Amplitude (a,c,e,g) and phase (b,d,f,h) modulations in the case of off-resonant probe and resonant SW and LG fields. The selected parameters are \(\gamma _{31}=0.1\gamma \), \(\Delta _{p}=2.2\gamma \), \(\delta =0\), \({\Omega =\Omega _{c0}}=\gamma \), \(\omega =\gamma \), \(M=N=5\), \(L=25\), and \(R=4\). (a,b) \(l=0\); (c,d) \(l=1\); (e,f) \(l=2\); (g,h) \(l=3\).

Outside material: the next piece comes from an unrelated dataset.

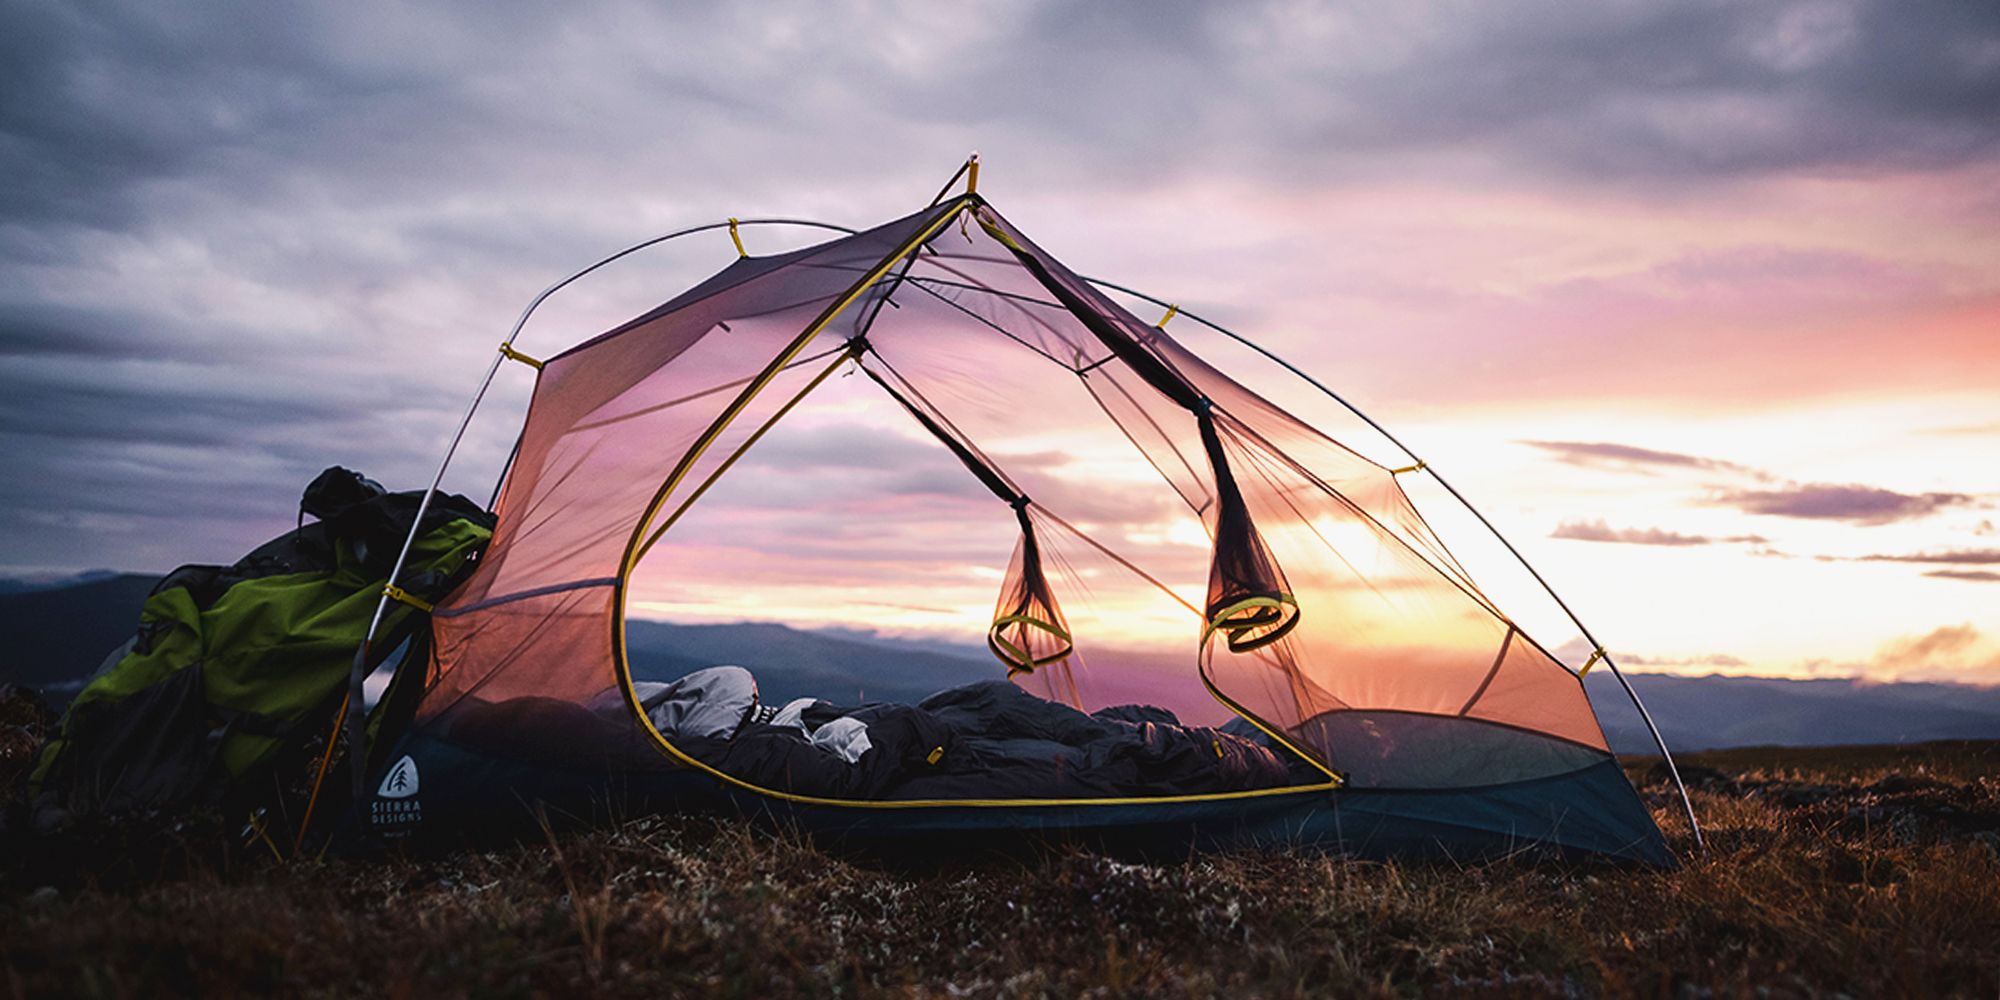 https://hips.hearstapps.com/hmg-prod/images/camping-tents-1522162073.jpg

For \(l=0\) a phase modulation accompanied by an absorption modulation is obtained, the propagation of the probe beam being mainly affected by the phase modulation. As the azimuthal index of the LG beam is increased to \(l=1\) (Fig. 2c,d), the amplitude and phase modulation are enhanced. Further increasing to \(l=2, 3\) has no effect on the behavior of the amplitude modulation, as shown in Fig. 2e,g. In contrast, the phase modulations in Fig. 2f,h are significantly changed, e.g. their value reduces respectively.

In Fig. 3 we plot the form of the Fraunhofer diffraction patterns corresponding to the off-resonant probe field \(\Delta _{p}=2.2\gamma \) when the azimuthal index l is varied from 0 to 3.

Figure 3
figure 3

Fraunhofer diffraction pattern in the case of off-resonant probe and resonant SW and LG fields. The selected parameters are \(\gamma _{31}=0.1\gamma \), \(\Delta _{p}=2.2\gamma \), \(\delta =0\), \({\Omega =\Omega _{c0}}=\gamma \), \(\omega =\gamma \), \(M=N=5\), \(L=25\), \(R=4\). (a) \(l=0\); (b) \(l=1\); (c) \(l=2\); (d) \(l=3\).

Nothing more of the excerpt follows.